Monitoring glial cell behaviour and neuron-glial interactions in 3D hydrogel and aggregate culture systems

Phillips, J. and Loughlin, J. (2011). Monitoring glial cell behaviour and neuron-glial interactions in 3D hydrogel and aggregate culture systems. In: 10th European Meeting on Glial Cells in Health and Disease, 13-17 Sep 2011, Prague, Czech Republic.

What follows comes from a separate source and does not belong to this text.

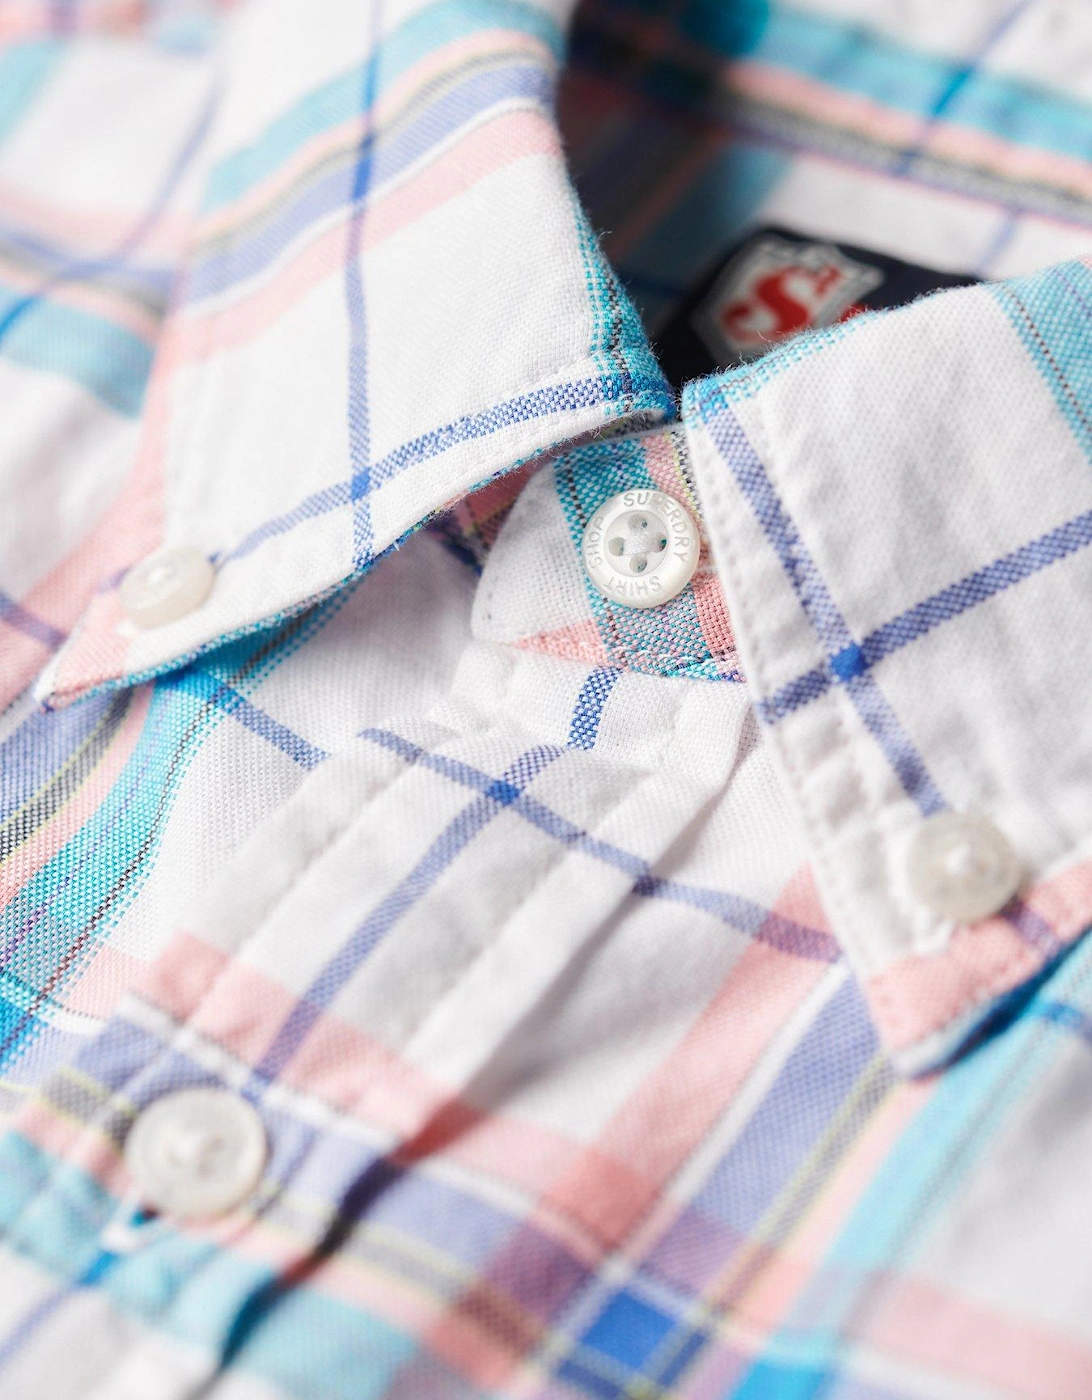 Lightweight Short Sleeve Check Shirt - Multi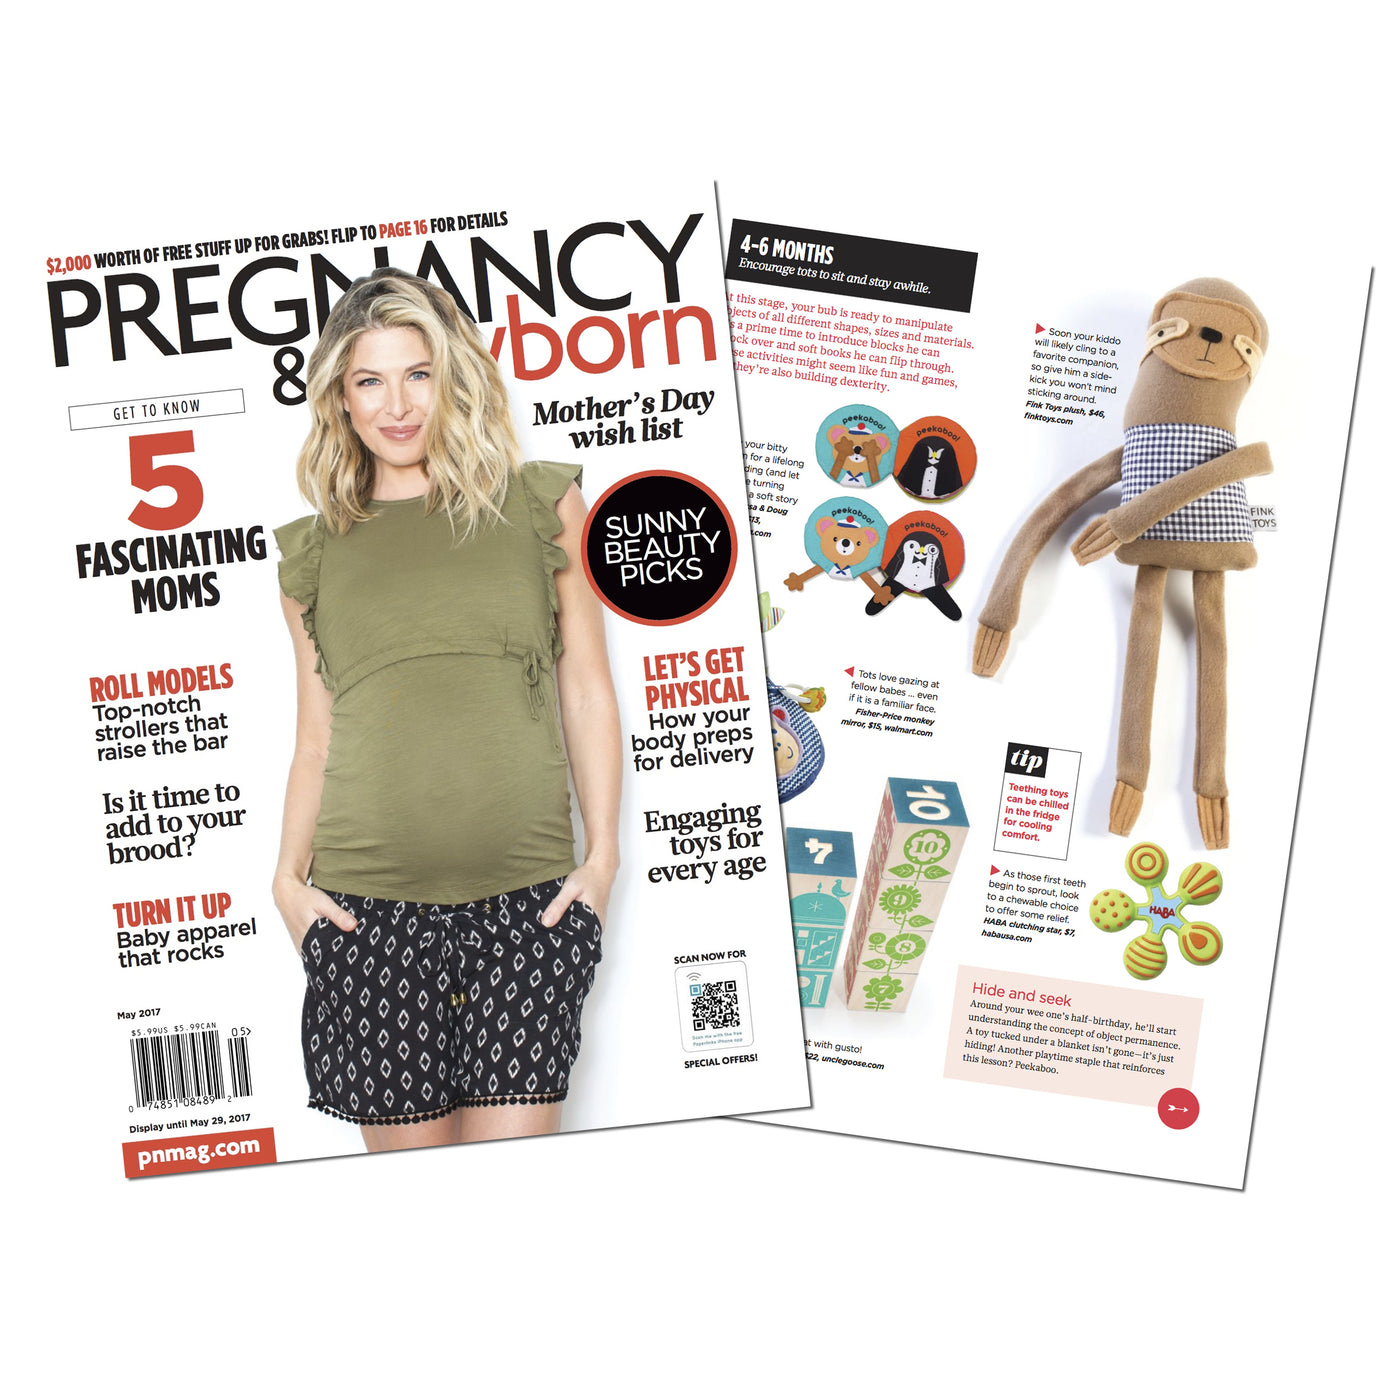 HABA Silicone Star Teether Featured in Pregnancy & Newborn Magazine

We use a variety of three-dimensional culture systems to study normal glial cell function and neuronal-glial interactions as well as modelling pathological conditions in vitro. Reactive gliosis is difficult to model in two dimensions since astrocytes in monolayer systems tend to exhibit a reactive phenotype continuously. We have shown that astrocytes in 3D collagen hydrogels adopt a less reactive phenotype than in equivalent monolayer cultures. On stimulation using TGF-beta1, the astrocytes become ramified and hypertrophic and express characteristic reactivity markers, mimicking the astrocyte response to damage in vitro. Coupled with confocal microscopy and image analysis, this system provides a versatile test-bed to monitor astrocyte responses in simulated damage and repair scenarios. Three-dimensional cocultures of neurons and glia have permitted the effect of astrocyte alignment on neurite regeneration to be studied, and have allowed us to simulate the inhibitory interfaces that form at sites of CNS damage or the PNS/CNS boundary.
The process of CNS myelinogenesis, which involves complex physical and biochemical interactions between neurones and cells of the oligodendroglial lineage at different stages of maturation, is another example of a process that is poorly modelled in two dimensions. We have used rotation-mediated reaggregate cell cultures and 3D collagen hydrogel cultures to study aspects of this dynamic process in vitro, in particular analysing changes in the protein composition of oligodendroglial lipid rafts during myelinogenesis. Our culture models also allow us to study demyelination in vitro, using inflammatory cytokines or antimyelin antibodies as triggers.
Our studies confirm the value of 3D cell culture systems as an important complementary approach to both traditional monolayer culture systems and in vivo models; permitting cell–cell and cell–matrix interactions that approximate more closely to those in vivo than is observed in the former, whilst enabling a level of observation and manipulation that is impossible in the latter.